The Three Estates of Pakistan

7 years of President Musharraf got us an LOC ceasefire, a relatively inactive ISI, no infiltrators or state sponsored terrorism (or what it seemed!) and a decent Land, Water Air transport access. India in return helped a great deal in sustaining Pakistani civic society – the cricket boards were self-proclaimed brothers and they intend to remain that way; Pakistani singers were humming their way into Indian hearts; Pakistani comedians were laughing their way into Indian drawing rooms; beautifully made liberal Pakistani films were being released in India.


Unintentional or deliberate, masqueraded or not, genuine or fake, credible or farcical, President Musharraf had created a Feel Good factor (An NDA term) in both the countries to the extent that it prompted even an enlightened man like Omar Abdullah to remark, rightly or wrongly, that the Five-point framework which President Musharraf proposed for Kashmir was the closest we ever got for a peaceful and feasible solution.
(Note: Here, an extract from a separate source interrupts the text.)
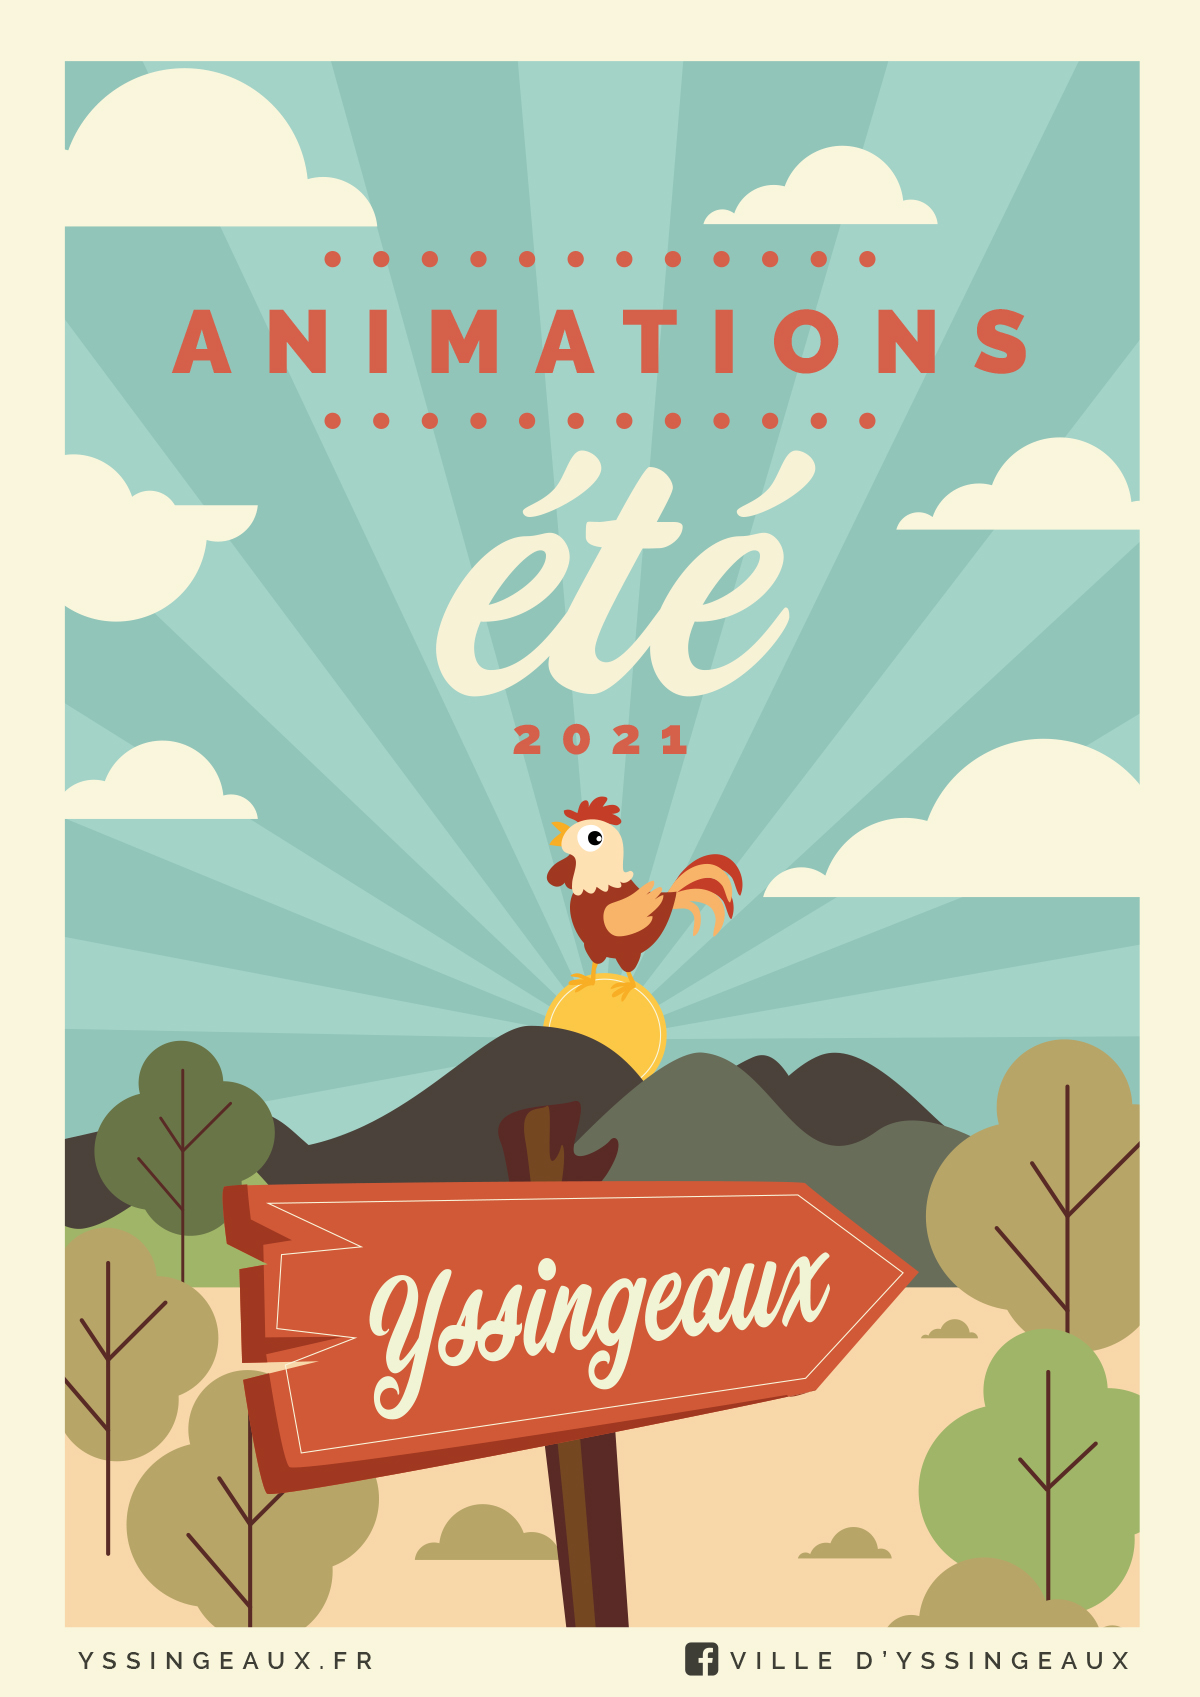 Programme d'Animations été 2021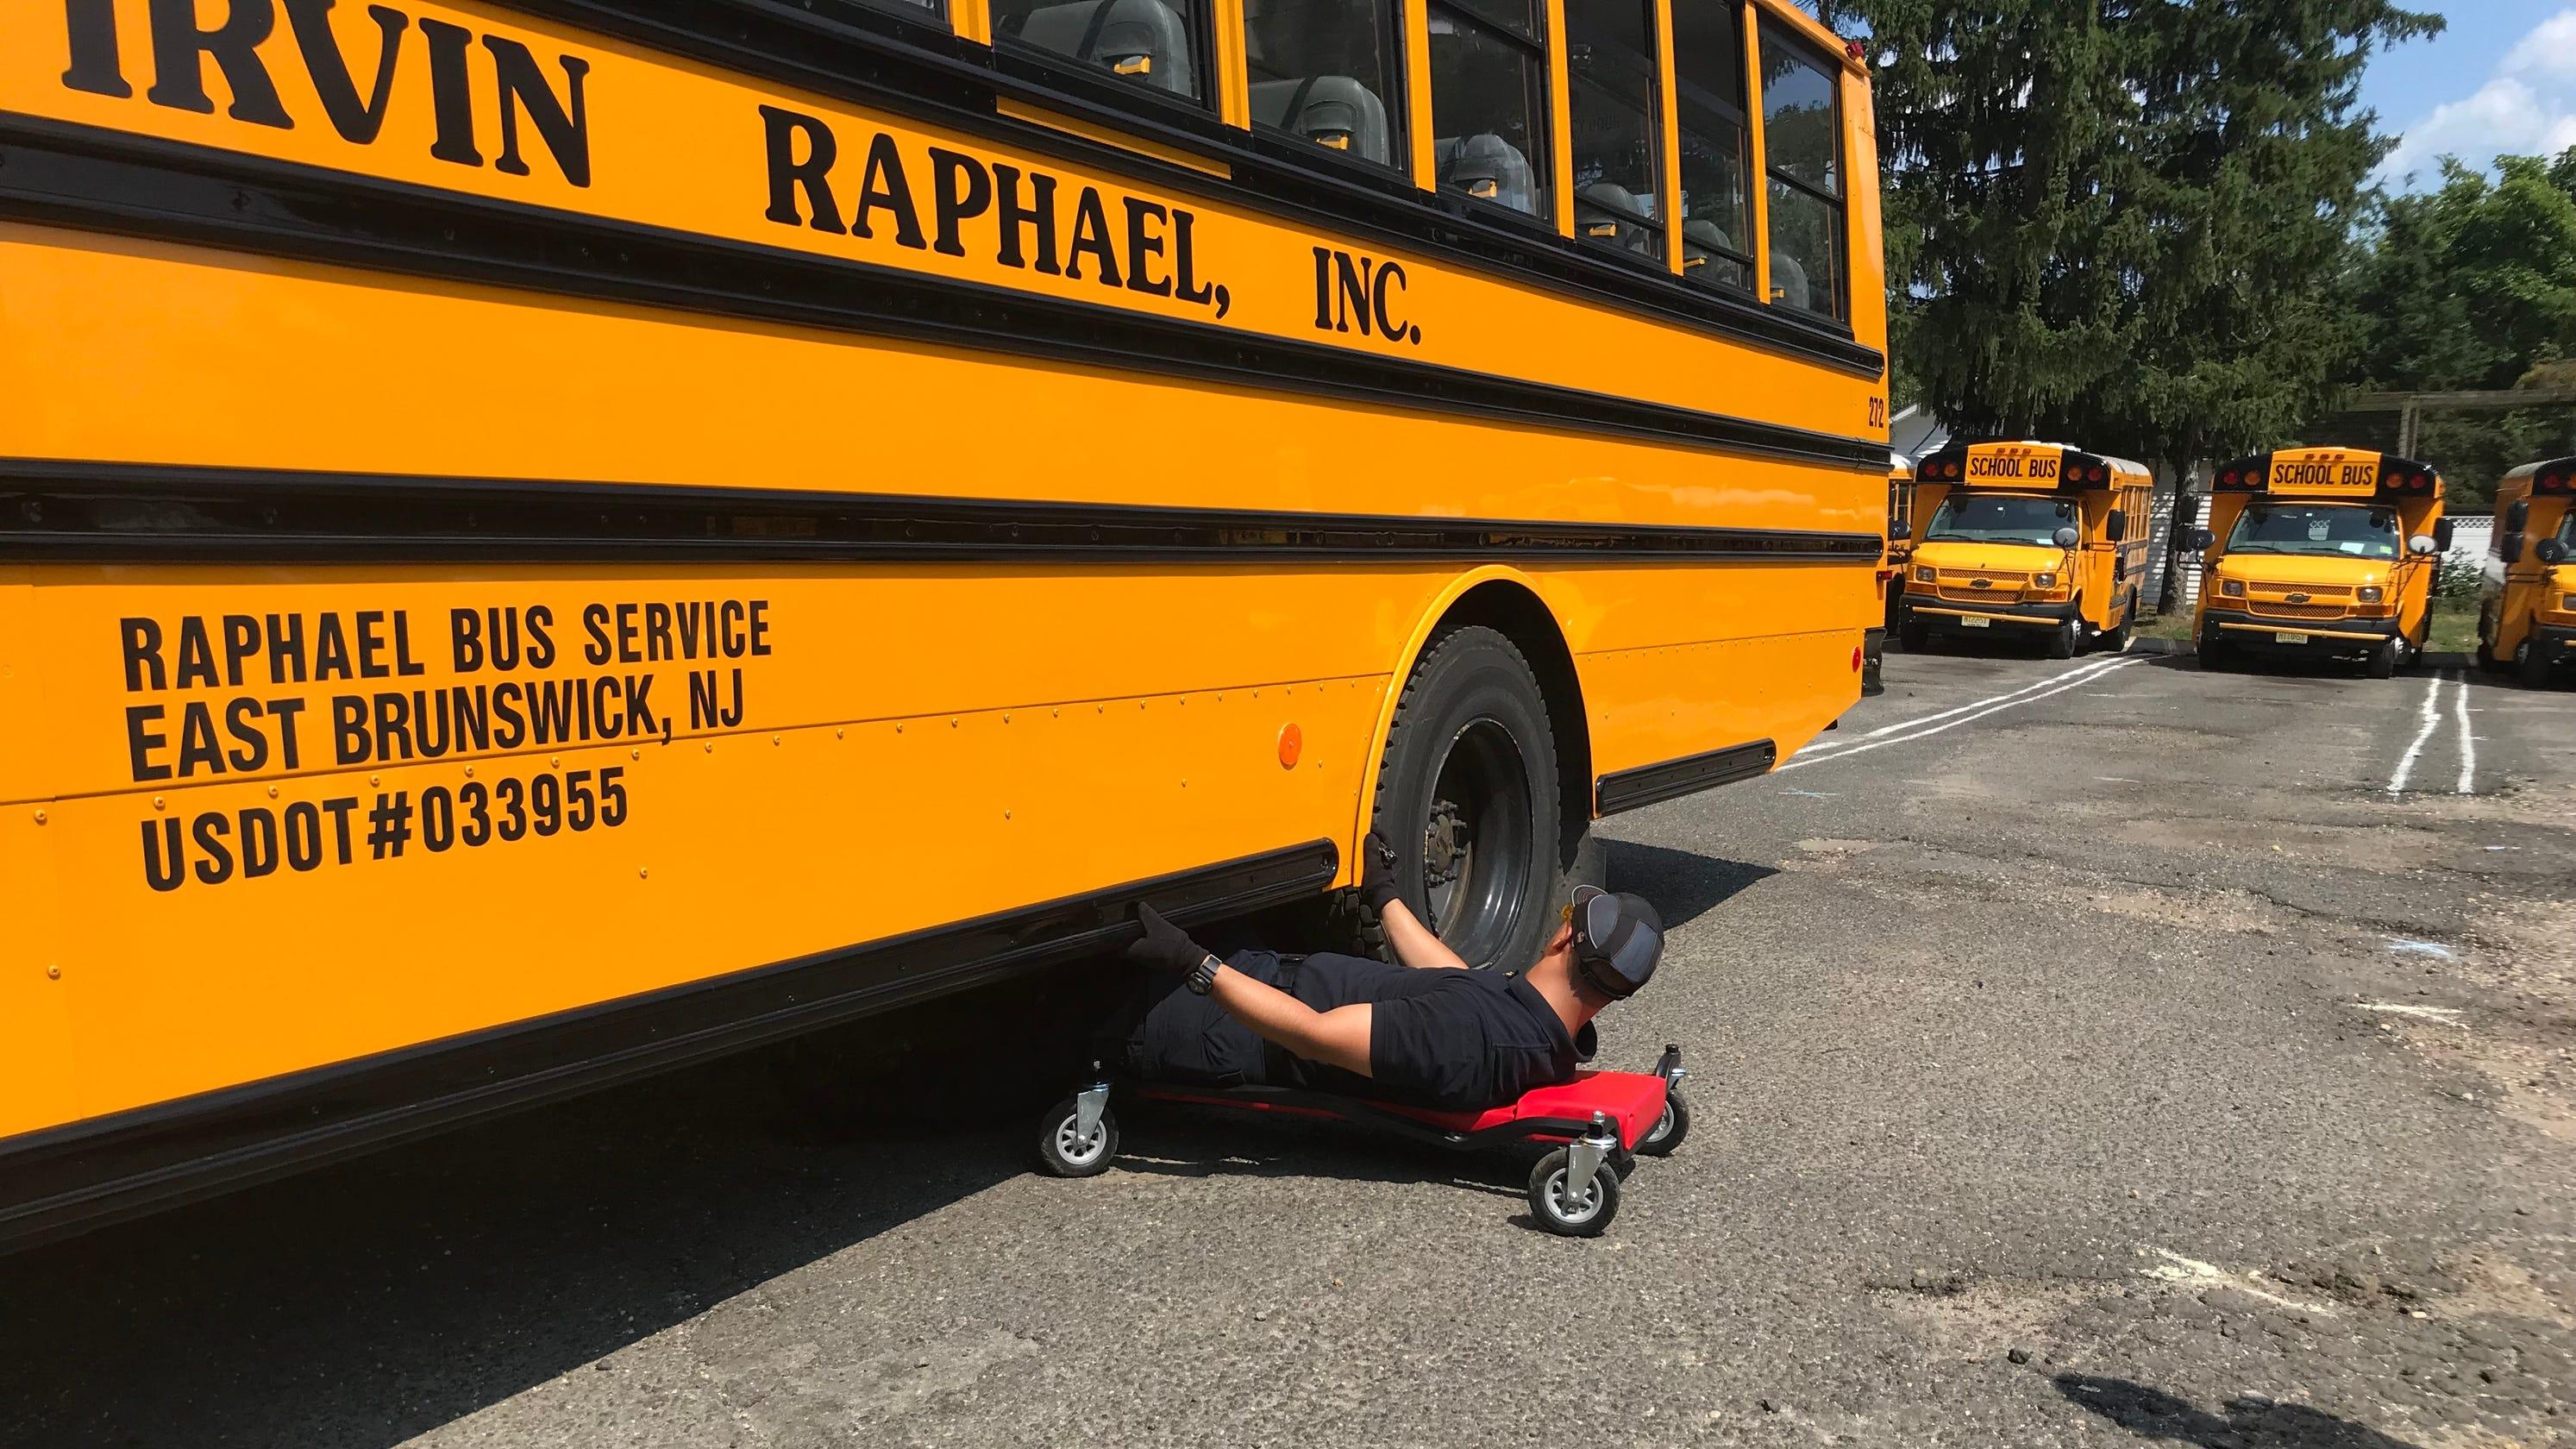 nj mvc 39 s school bus inspection unit conducts safety checks at irvin raphael inc. Black Bedroom Furniture Sets. Home Design Ideas

Unfortunately, while his foreign policy was a grand success on Pakistan’s eastern borders (China, India), it completely bombed (Pun absolutely intended) on the western front. Waziristan-Afghan extremist tribal area could never be reigned and US was not allowed in to help. Disproportionate money of theirs was, however, going down the drain in the name of an over exaggerated danger and an equally unlikely likelihood – terrorists capturing nuclear establishments. Then came Lal Masjid and all hell broke loose. Impending elections and the fateful return of Benazir Bhutto and Nawaz Sharif…followed by the assassination and Musharraf was compromised if not overthrown (he was forced to step-down as army chief). In context of India, it has to be said that India lost an open-minded negotiator who had come long way as an individual from the days when he orchestrated the Kargil betrayal.


In came the new PM Mr. Yusuf Raza Gillani claiming to be the lone Liberal representative in an extremist Pakistan. Just as it was thought that he would carry the peace process forward, rumors about him being completely inflexible on Kashmir surfaced. Also, Democracy forced ISI to resume its despicable ways of creating unease in its own country and resenting other forces in Pakistan. Incidentally and quite uncannily, three terrorist attacks rocked India – Kabul, Bangalore and Ahmedabad. As an Indian, all these developments push me into deep sorrow and consequent helplessness as to why every time a “Democratic PM” rules Pakistan, India is made to bear the cost. Benazir Bhutto, Nawaz Sharif and now Mr. Yusuf Raza Gillani, all seem to have or have had no control over either the military, the ISI or the extremists. Unfortunately, as the five decades have shown, these three form “The three estates of Pakistan”.